Leaving the pictures aside, reproduce the data in full and word for word.

▶ Dataset content
_ _ _

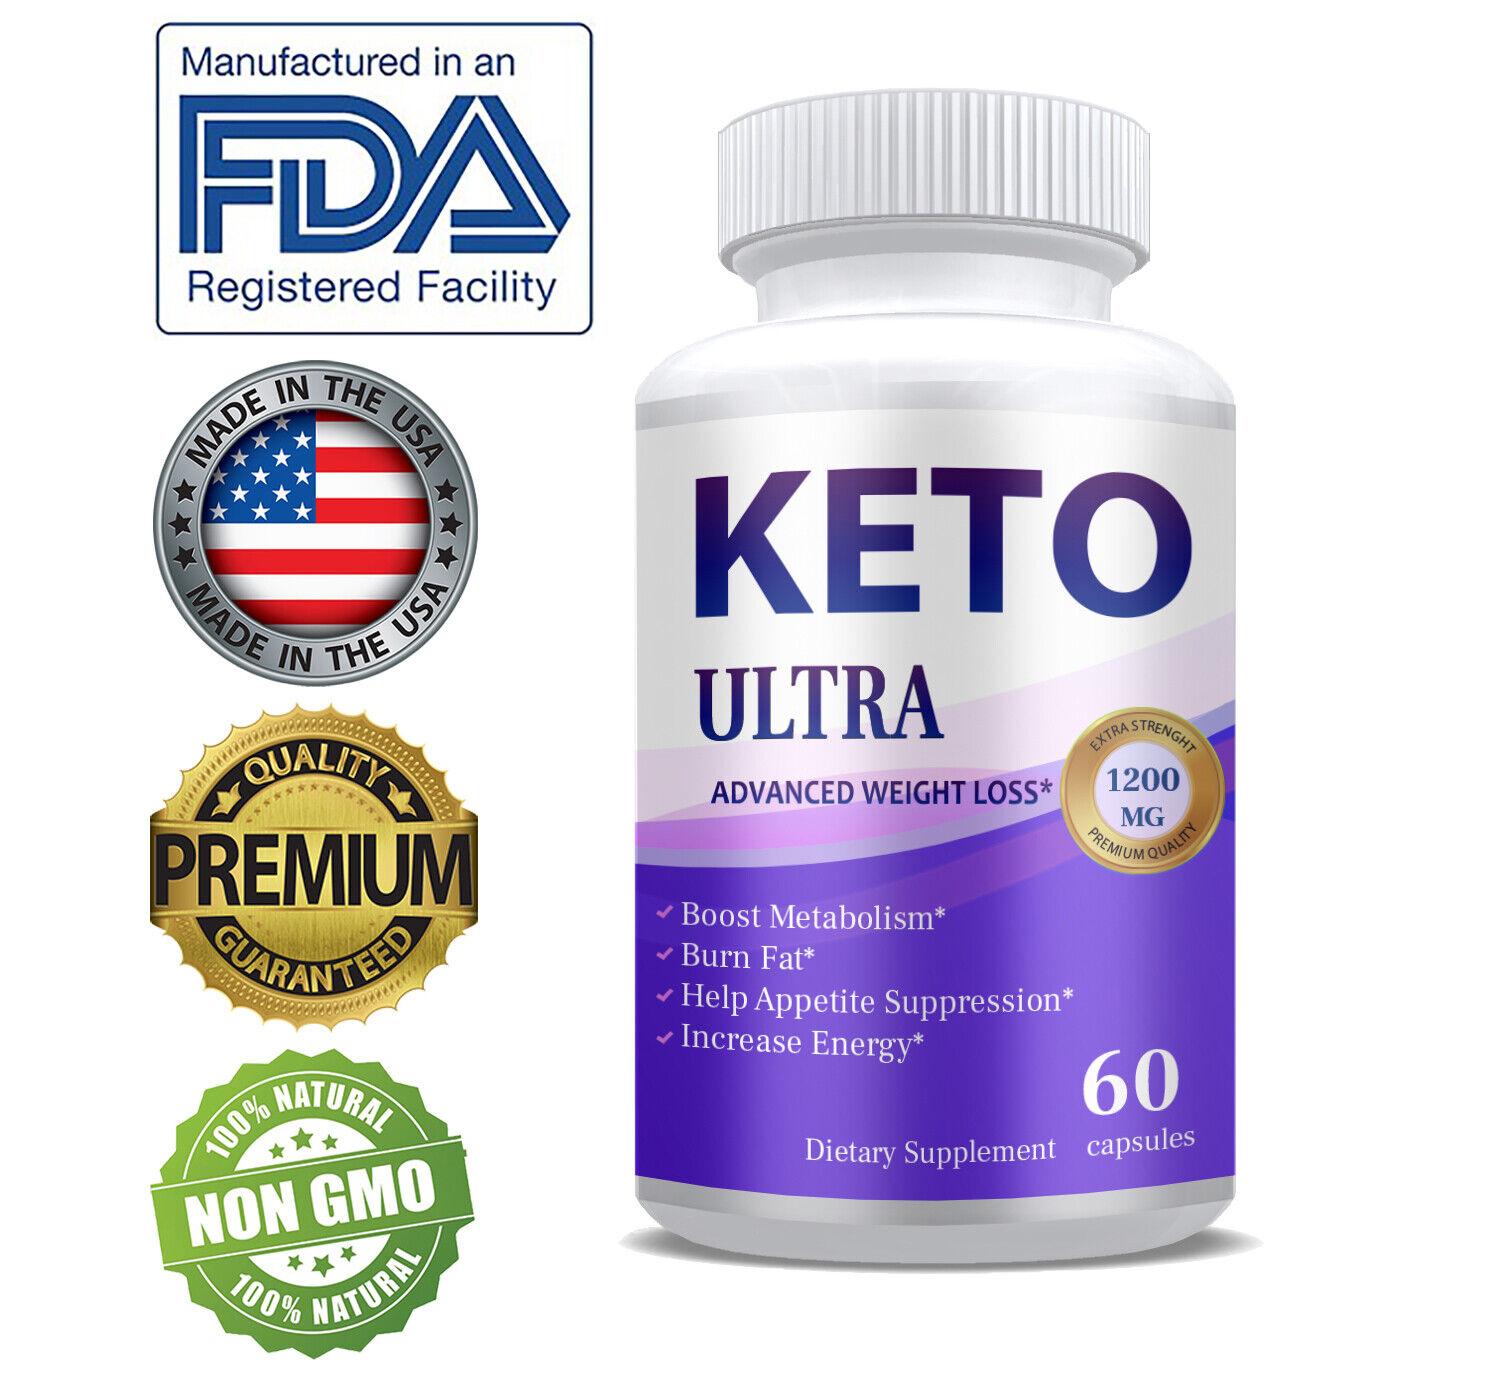 Shark Tank Keto Diet Pills Supplements 1200MG Fat Burner Fas
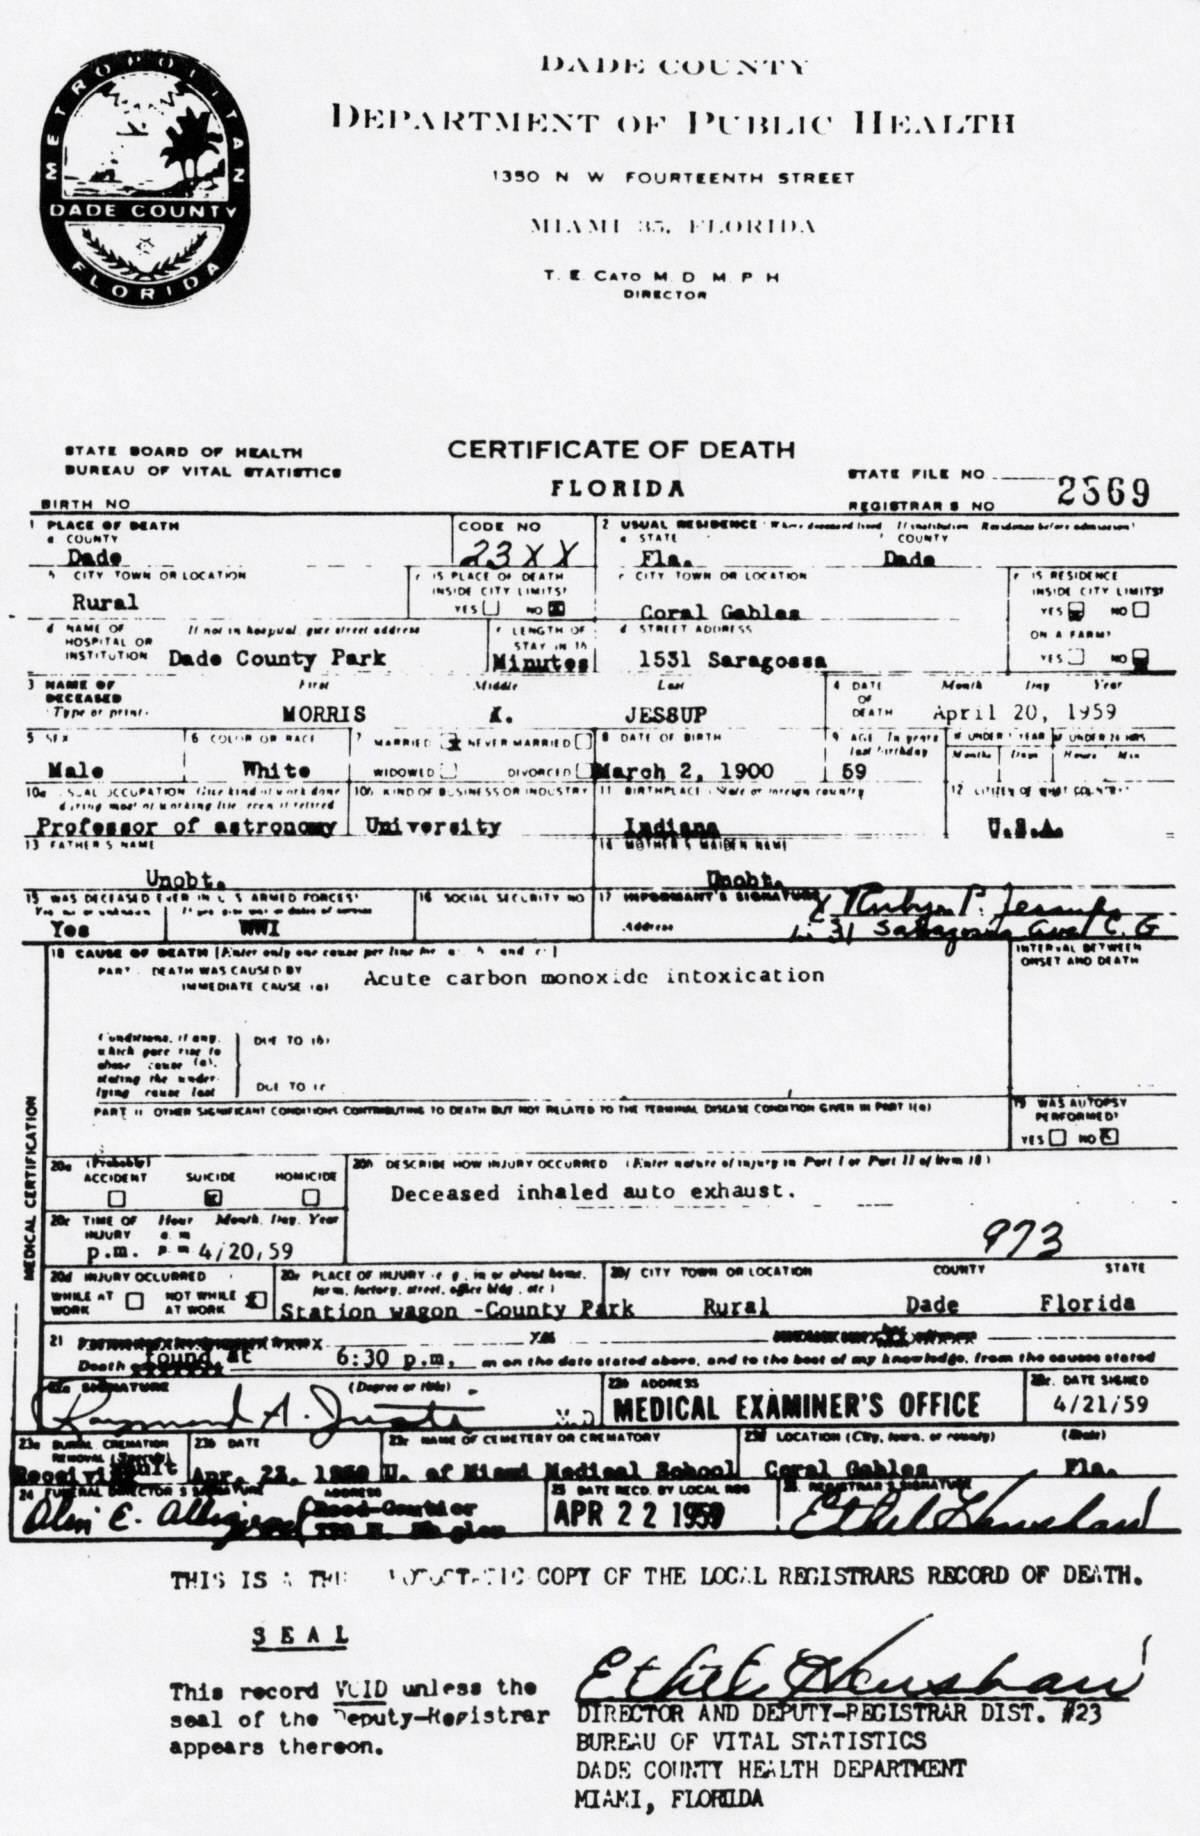 Morris K. Jessup's Death Certificate
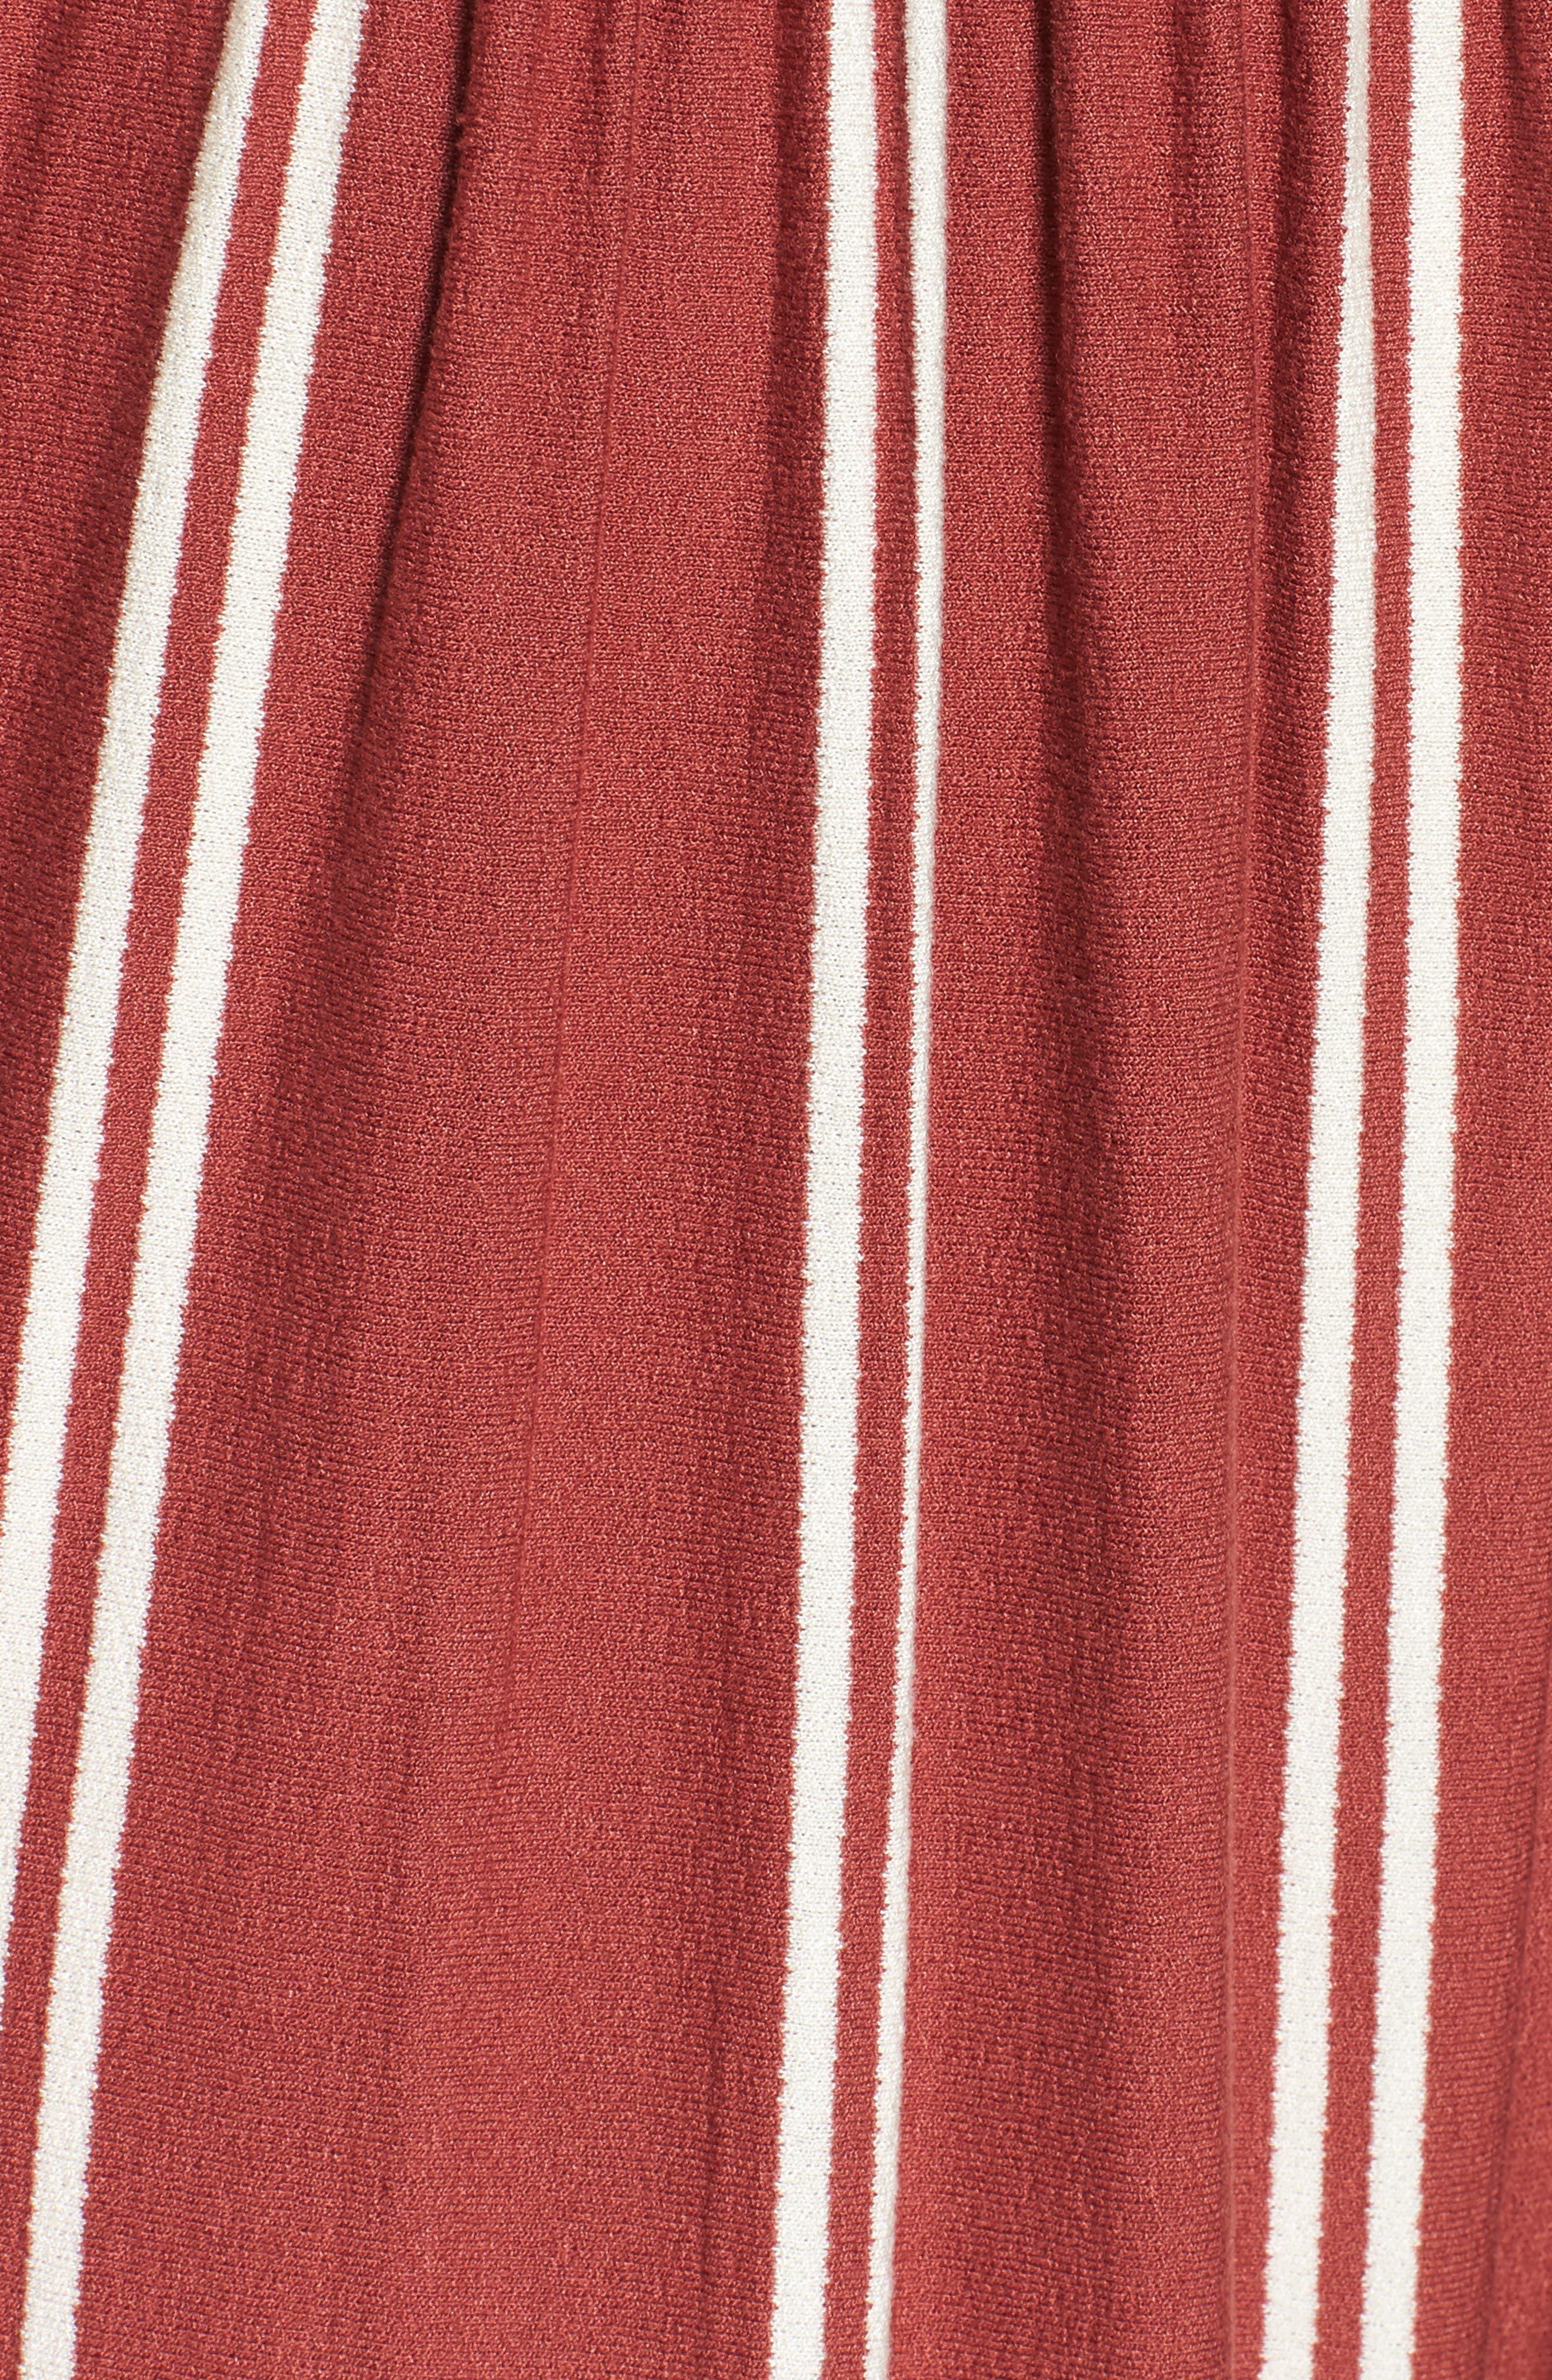 Smocked Ruffle Hem Jumpsuit,                             Alternate thumbnail 6, color,                             221

_ _ _

▶ Answer section
 Shark Tank Keto Diet Pills Supplements 1200MG Fat Burner Fas
 Morris K. Jessup's Death Certificate
 Smocked Ruffle Hem Jumpsuit,                             Alternate thumbnail 6, color,                             221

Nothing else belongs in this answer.